Sleep deprivation has been found to intensify anxiety by affecting the operation of the amygdala and the insular cortex of the brain, excessive activation of which is known to be involved specifically in anxiety disorders. For example, the amygdala is very quick to send a message to the brain if something is perceived as frightening or threatening.
Sometimes, anxiety and insomnia are difficult to tell apart. Researchers are yet to establish whether sleep difficulties cause anxiety or whether insomnia is a by-product of anxiety. However, a person can influence their wellbeing and mood by sleeping enough. A good night’s sleep makes the mind and the body more energised, which can contribute substantially to reducing anxiety.
Exercise
A low level of physical activity is connected to the occurrence of anxiety. Both endurance and strength training have been observed in several studies to reduce anxiety symptoms. Exercise can bring more joy and pleasant experiences to a person’s life. Regular exercise has been observed to alleviate anxiety.
Exercise has numerous impacts not only on physical health, but mental health as well. One key impact is the feeling of pleasure and gratification generated by exercise, which is based on an increase in pleasure-inducing hormones, such as endorphin and dopamine.
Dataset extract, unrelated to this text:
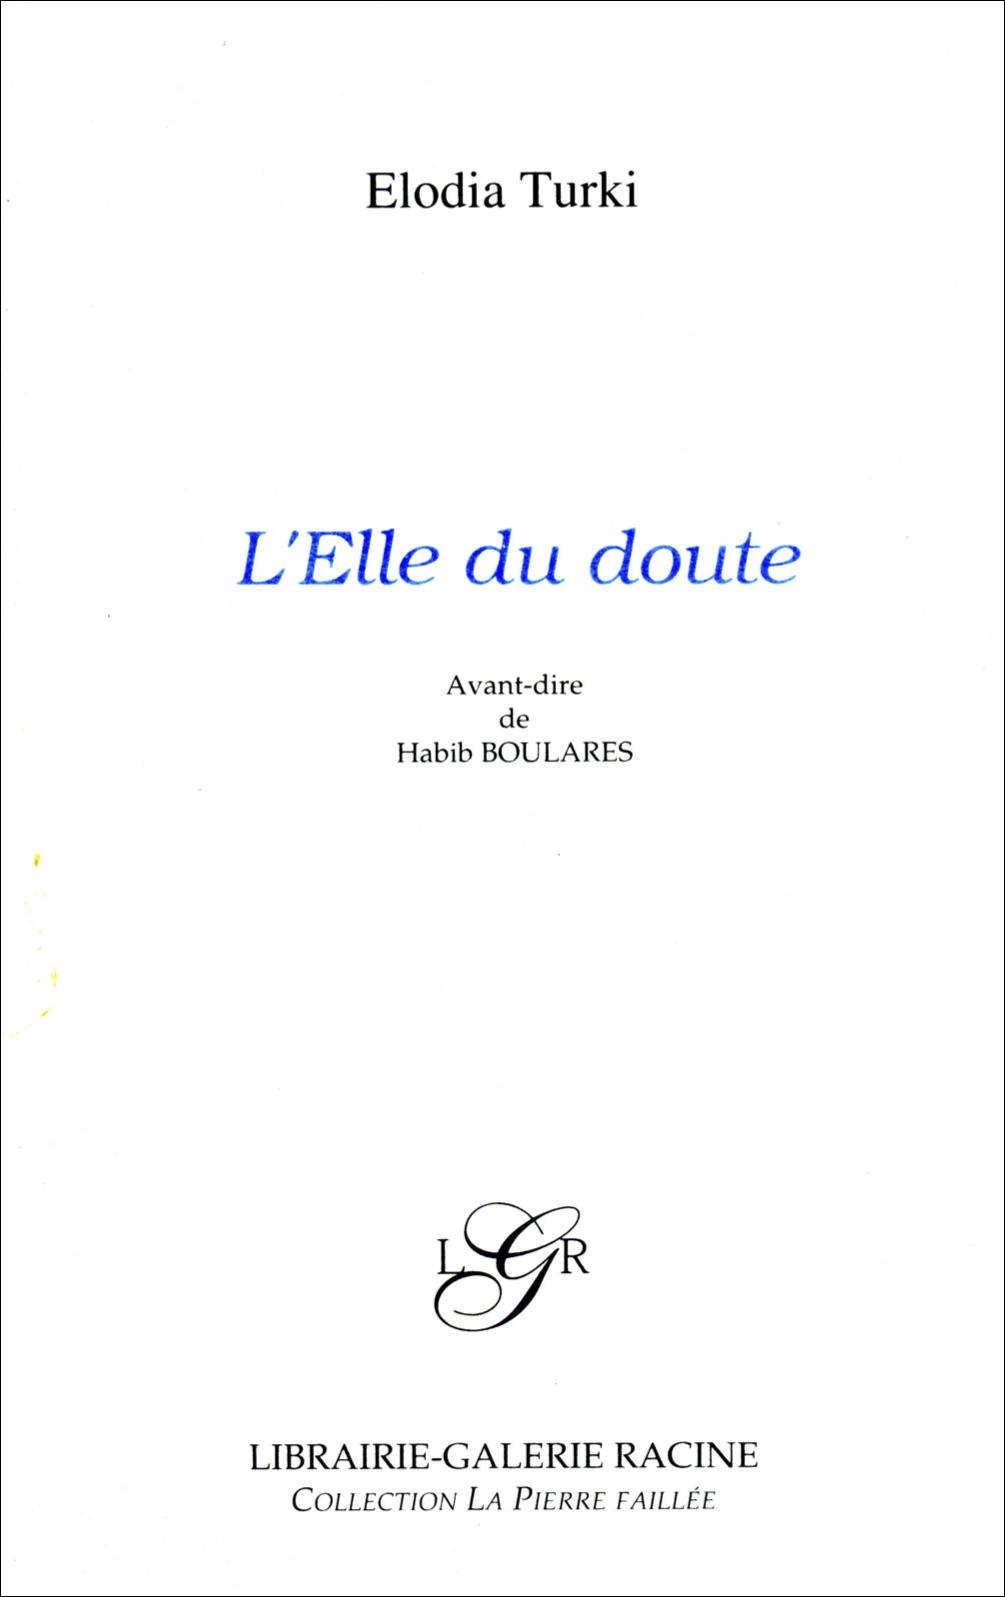 Elodia TURKI - L'Elle du doute

Exercise has been observed to have a positive impact on aspects such as stress and mood. Exercising with others also reinforces a sense of togetherness, which is a basic human need.
Great, you have made it to the end!
This self-care programme ends here. It is now time for you to thank yourself for taking the time to examine your anxiety and practise new ways to regulate it. Going through the programme has required commitment and determination. This self-care programme is only the beginning in the lifelong maintenance of your wellbeing. Because anxiety is a part of life and has a tendency to intensify in stressful life situations, for example, it is important that you continue practising after the end of this programme.
At the start of this self-care programme, you took an anxiety questionnaire. Do you remember what your anxiety was like back then? You can now take the questionnaire again. It is great if your anxiety regulation skills have improved and your anxiety has lessened over the course of this programme. If anxiety continues to be a significant hindrance in your life, do not feel like you have to tackle it alone and do not hesitate to contact your local health station.